Similarly to what happened with the German corpus, the Czech one also is suffering from similar issues. @SantosCardonaPR and @Jirka_Kocian are aware of them. This post is to provide them with materials aimed at making the cleanup faster.
First of all, this spreadsheet contains all codes used in the Czech corpus, arranged in ascending alphabetical order of the English label. The rightmost column is the live link to the code’s page on Edgeryders’s back end, so you can quickly go from the spreadsheet to the back end.

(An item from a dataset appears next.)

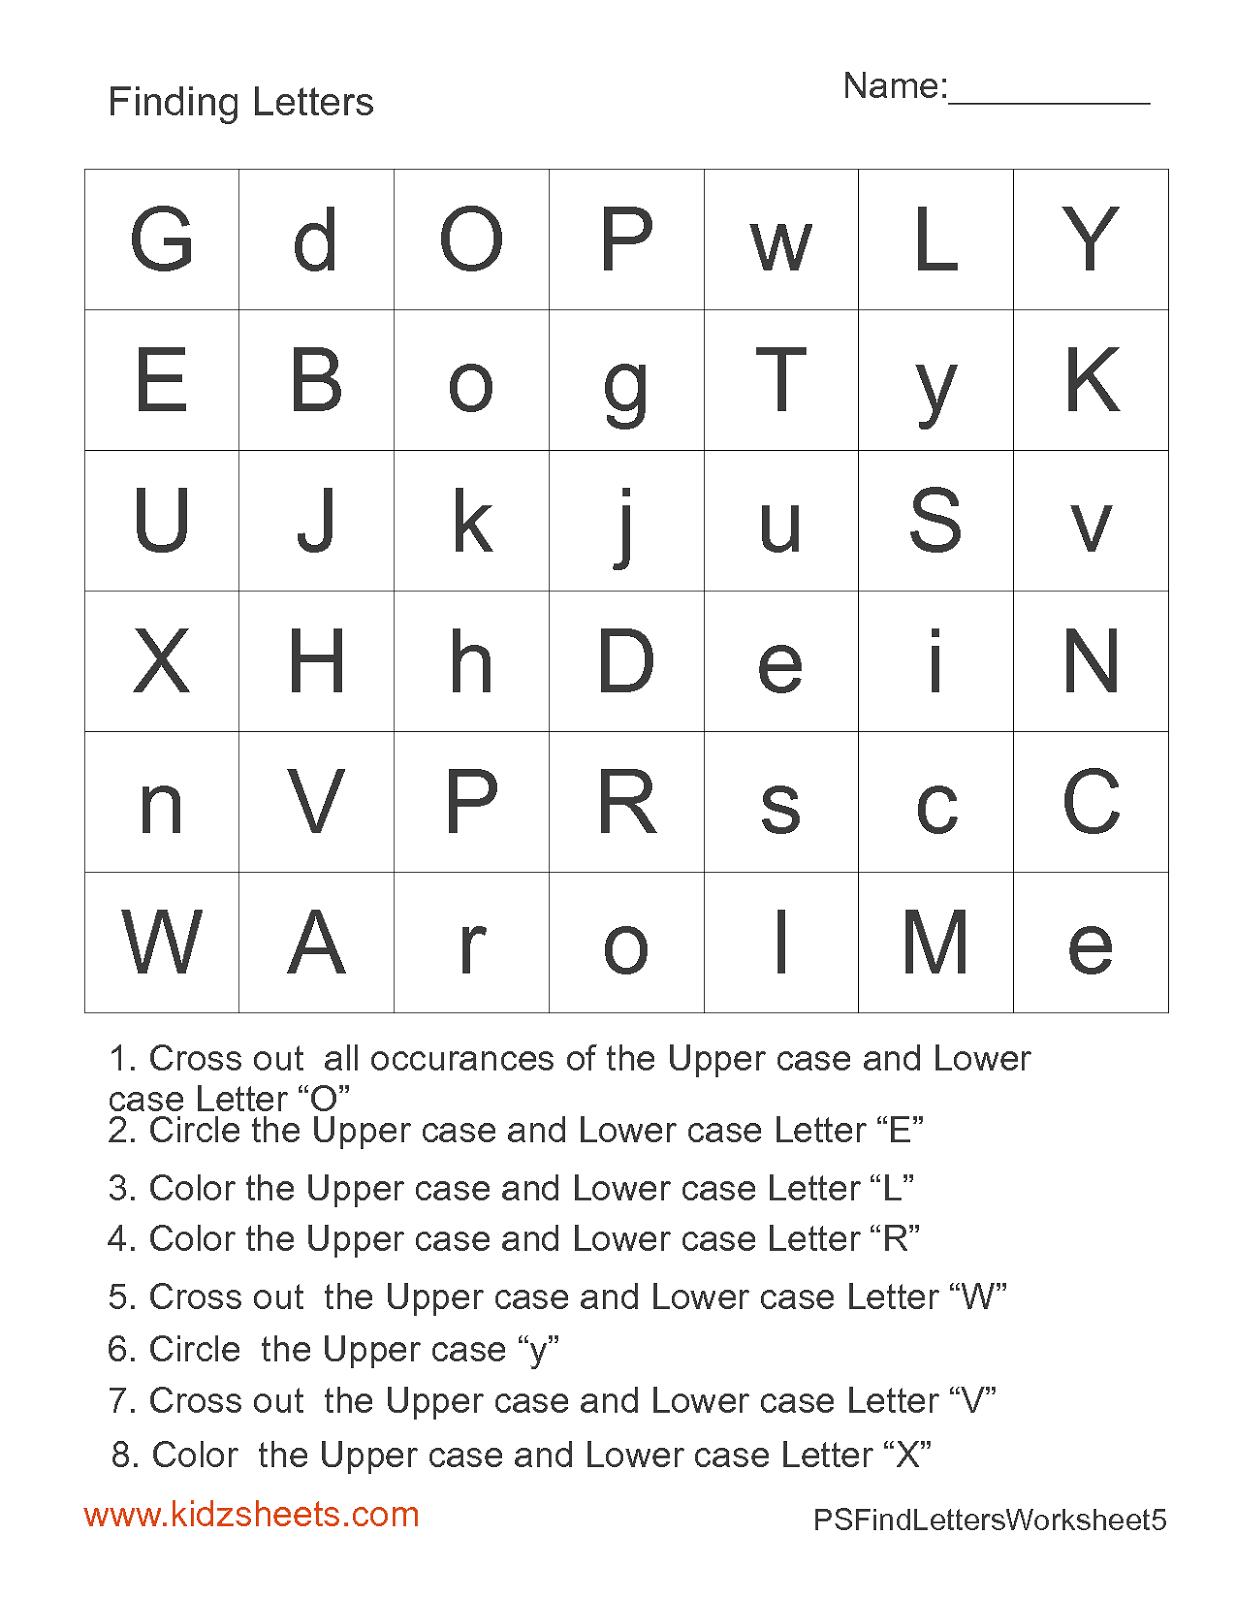 Free Printable Preschool Worksheets, Free Worksheets, Kids Maths ...

Problem 1: duplicate codes
Duplicate codes are a common error. They happen when an ethnographer generates his own new code, unaware that an identical one was already used for the same corpus. If you scroll throught the spreadsheet, you will find them easily, as in this example:
Here are the 33 codes, used for annotating #ethno-rebelpop-czech-interviews, that are synonimous with other codes (synonimous = same English label, ignoring capitalization).
anti-vaxxers
caring about future generations
community
culdisorient
culman
czechs
donald trump
economy
eeconomicviol
envenergy
envgenprob
eu
europe
facebook
gender role models
gensexism
homophobia
impact of covid-19
morals
new routine
online platforms
polpol
populism
russia
social activism
social distancing
social isolation
social media
staying at home
viktor orban
volunteering
xenophobia
young generation
Please note that there are less obvious duplicates, for example democracy and demokracie, and check for them too.
Problem 2: inaccurate labeling by language
Some codes have no English label. In most of them the English label was recorded in the database field of the label in another language, normally (in this corpus) Czech, but occasionally others. In the spreadsheet linked above, you can find them quickly sorting for the name_en
column. There are only 33 such codes.